Exercise prompt: Print the entire listing below word for word, excluding its pictures.

Given data:
* * * *

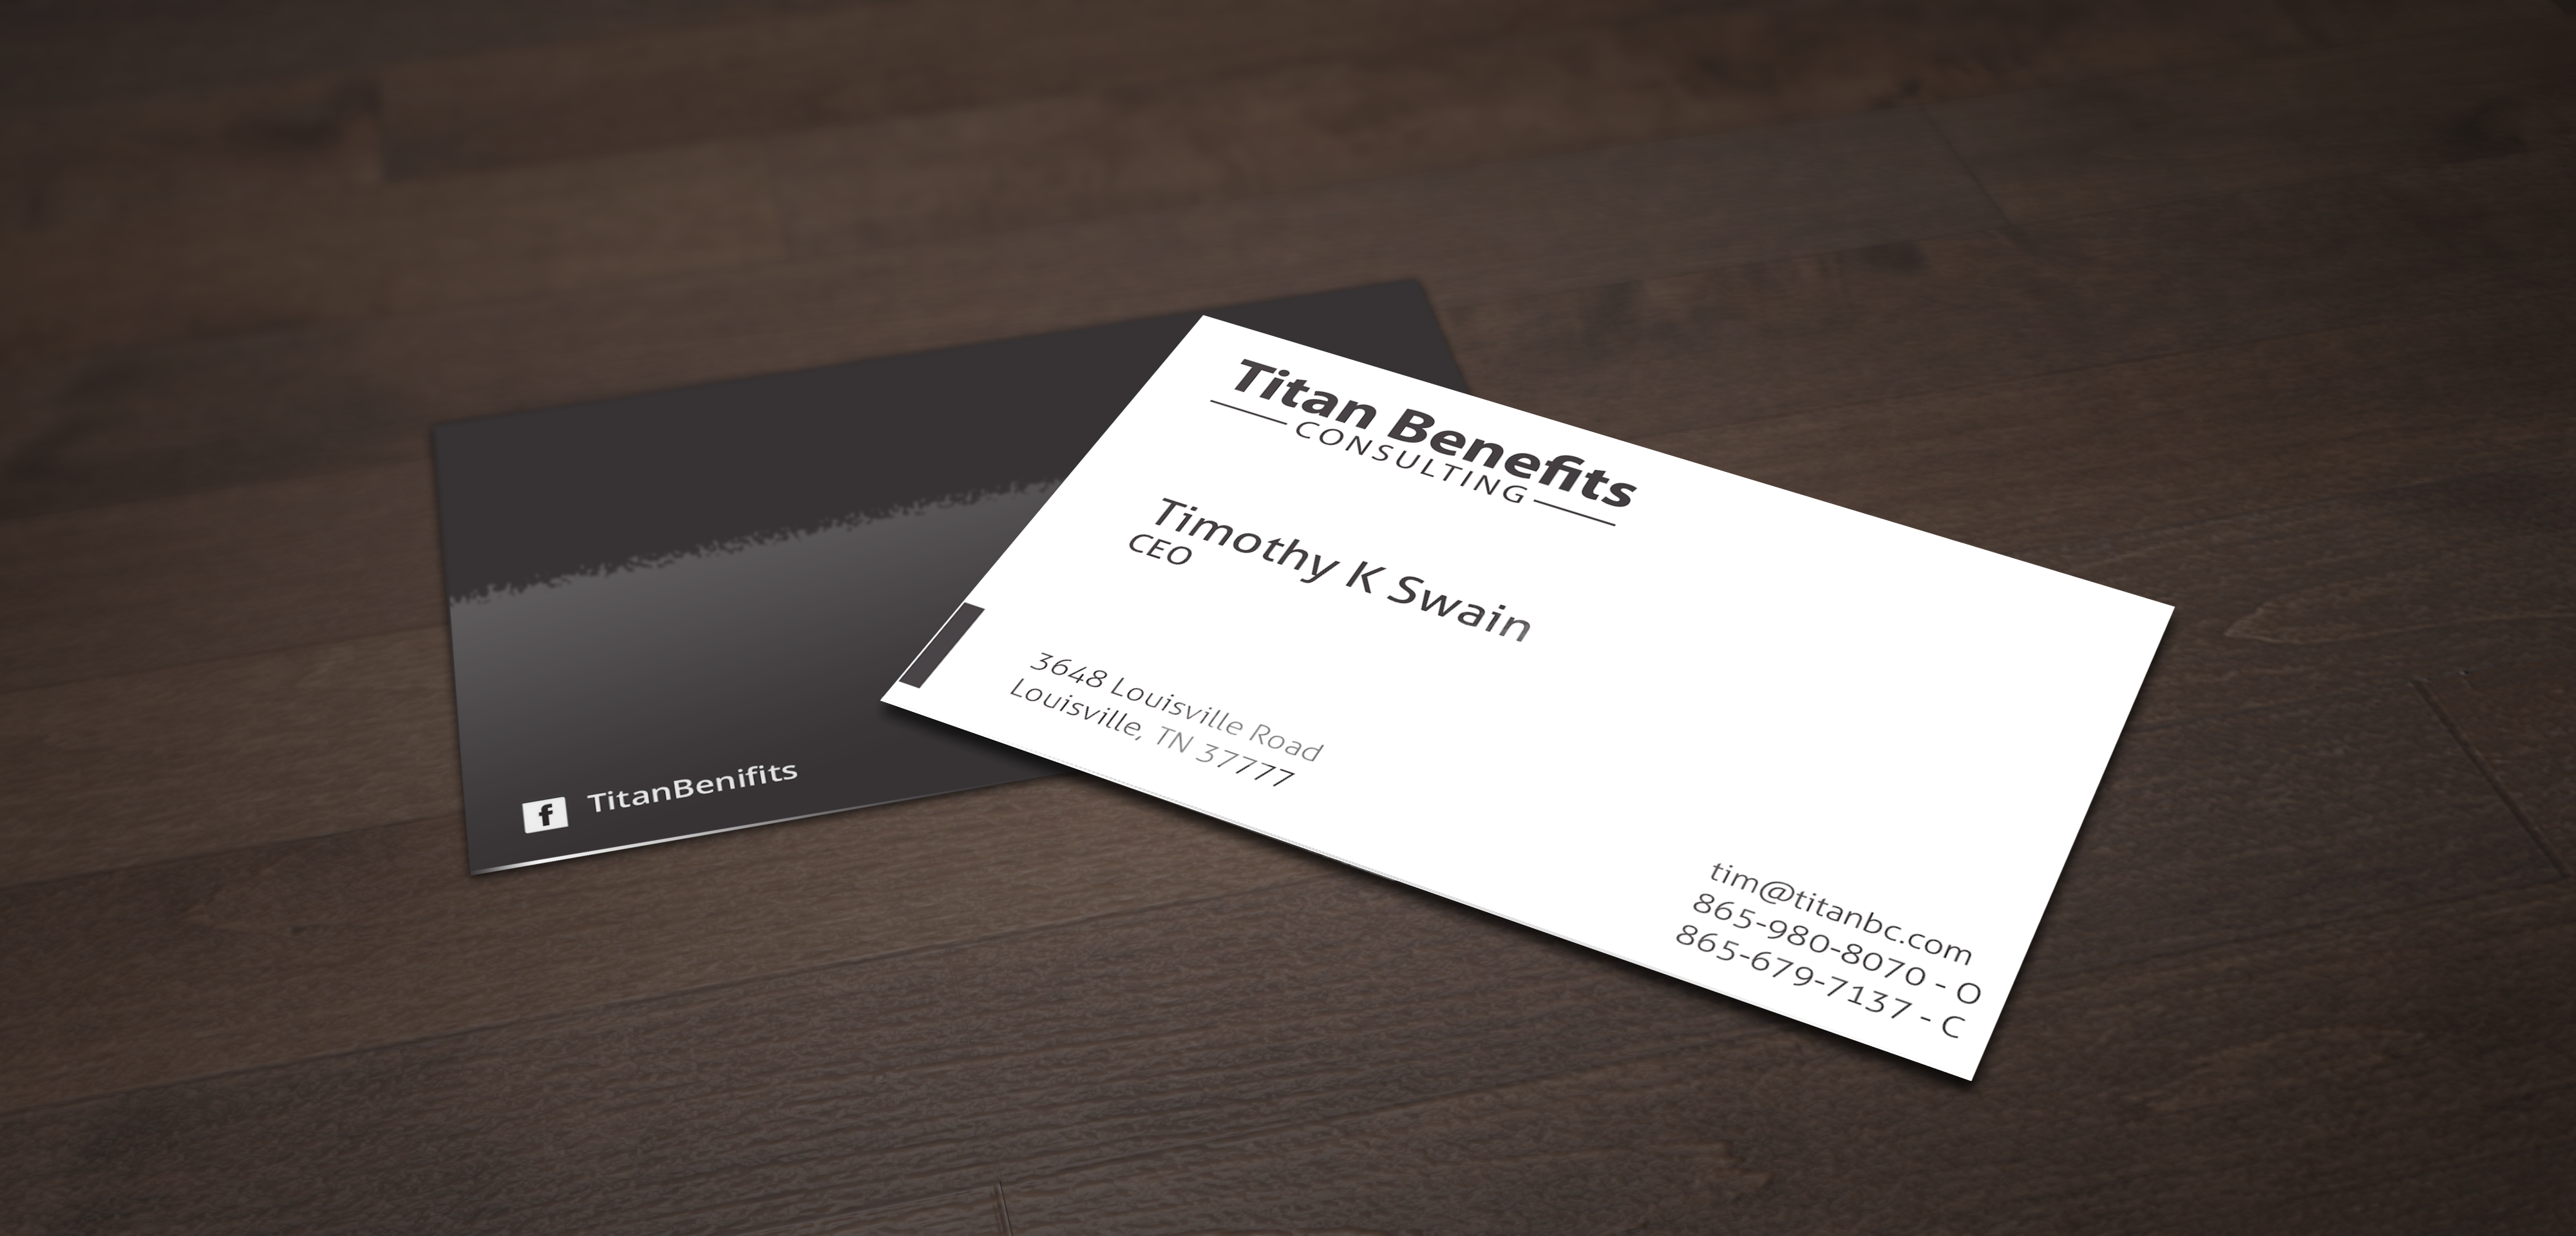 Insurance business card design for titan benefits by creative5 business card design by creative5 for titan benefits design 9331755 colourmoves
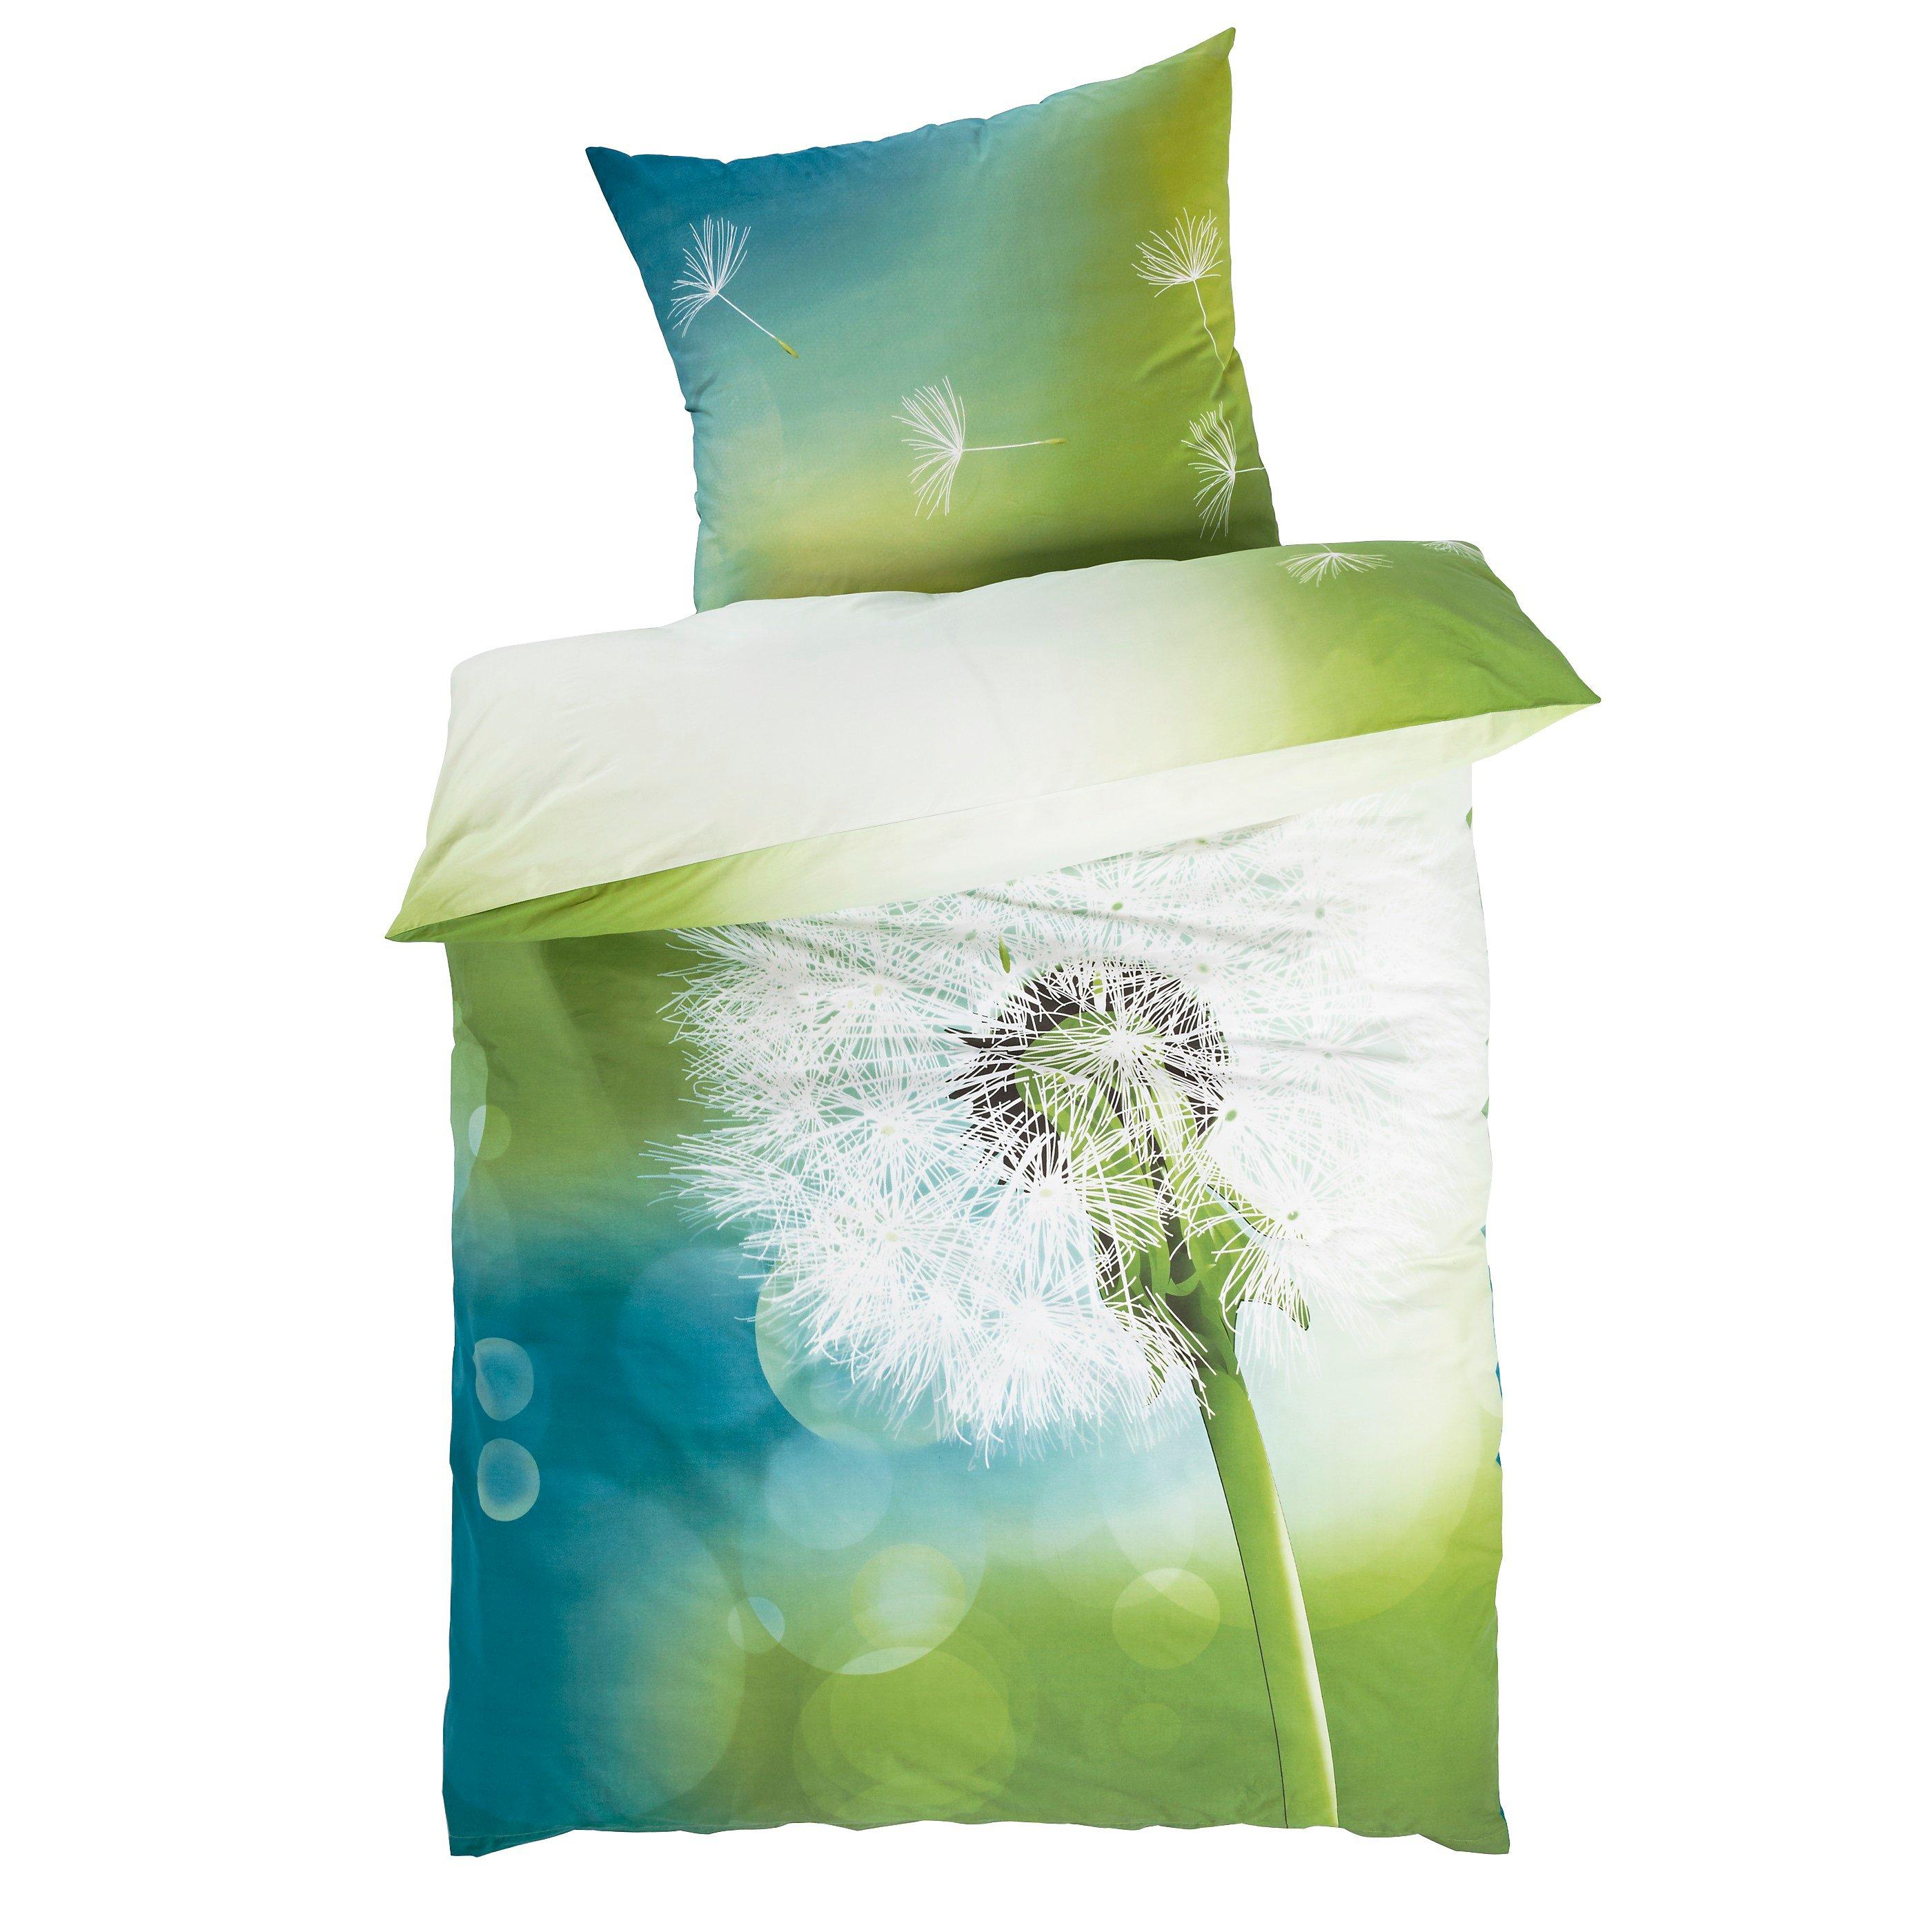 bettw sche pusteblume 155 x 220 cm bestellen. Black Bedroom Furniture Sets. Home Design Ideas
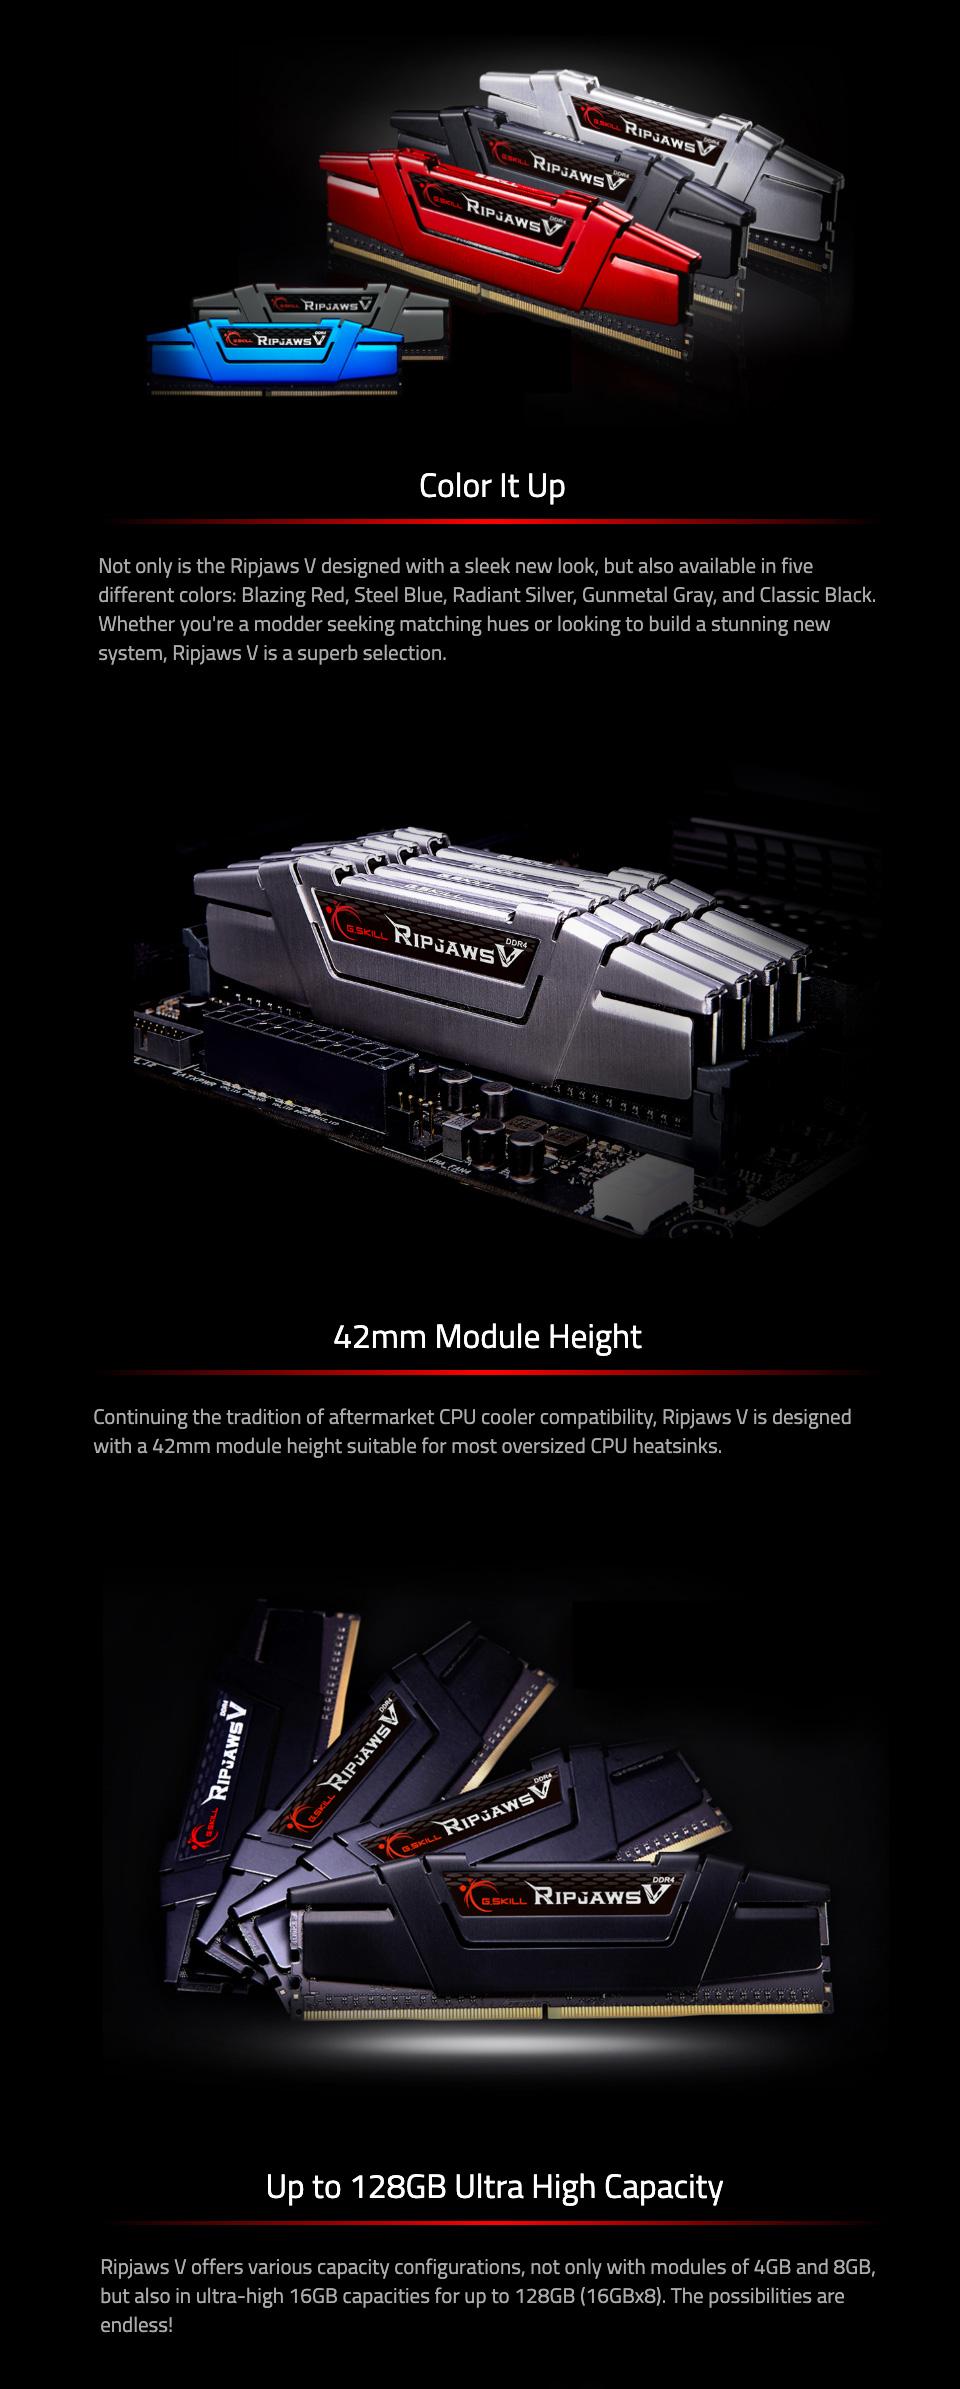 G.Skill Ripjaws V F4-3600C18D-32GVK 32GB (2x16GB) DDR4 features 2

* * * *

Written answer:
 Insurance business card design for titan benefits by creative5 business card design by creative5 for titan benefits design 9331755 colourmoves
 bettw sche pusteblume 155 x 220 cm bestellen. Black Bedroom Furniture Sets. Home Design Ideas
 G.Skill Ripjaws V F4-3600C18D-32GVK 32GB (2x16GB) DDR4 features 2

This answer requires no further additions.